Static characteristics of a biomimetic robot module driven by water hydraulic artificial muscles resisted with helical spring

Soft modular biomimetic robots, driven by flexible actuators, are extensively used in various fields due to their excellent flexibility, environmental adaptability, and isomorphism. However, existing flexible modules typically possess no more than two degrees of freedom for structural limitations. This paper proposes a biomimetic robot module supported by a spring and actuated by water hydraulic artificial muscles (WHAMs). Combining the mechanical properties of WHAMs and spring, the static model of the soft module was established by force balance method. Moreover, the contraction force coefficient and contraction ratio coefficient of WHAMs were identified through the static characteristics test.
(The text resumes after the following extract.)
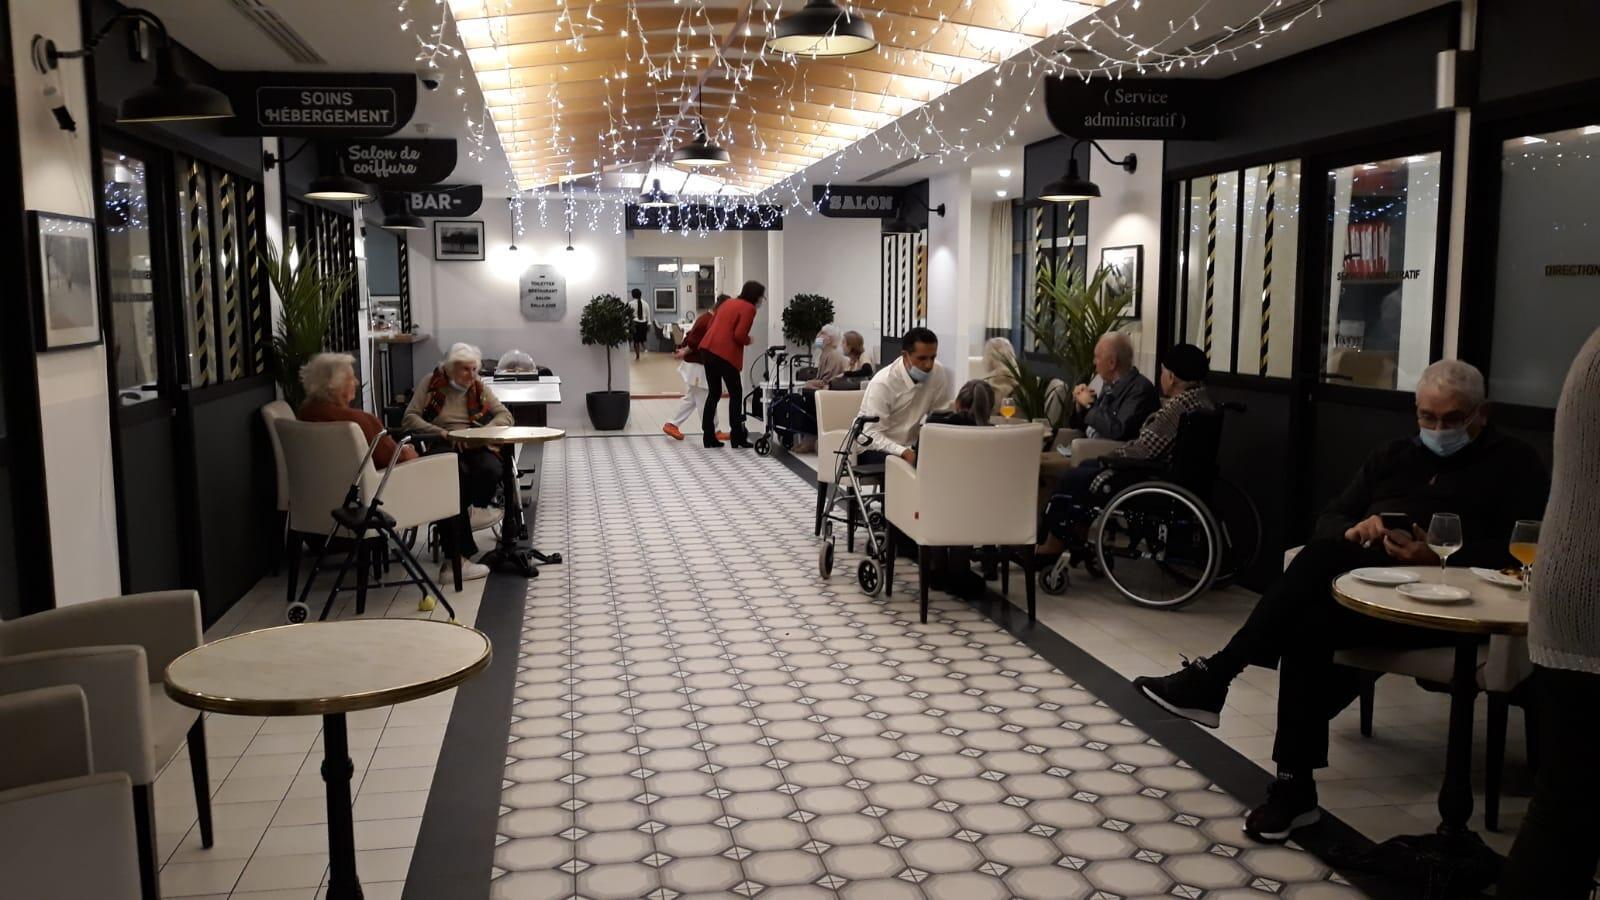 Une salle commune où se rassemblent des résidents de l'Ehpad Korian, dans le 17e arrondissement de Paris, le 21 janvier 2021.

The rod length coefficient and stress coefficient of the spring were also identified through the spring bending test. The errors between the experimental results and the model are analyzed and discussed, uncovering the main reasons. The influence of spring pre-compression, spring elasticity coefficient, initial working pressure of WHAM, and the installation distance of WHAM on the motion space of module were analyzed and discussed. This work serves as a guide for the structural design of flexible modules to meet specific requirements and lays the foundation for future research on integrated flexible biomimetic robots driven by WHAMs. [Display omitted] •Mechanical modeling of spring subjected to simultaneous axial load and bending moment.•Mechanical modeling of unidirectional deflection of modules based on symmetric variation of working pressure of WHAMs.•The effect of relevant factors on module movement is analyzed.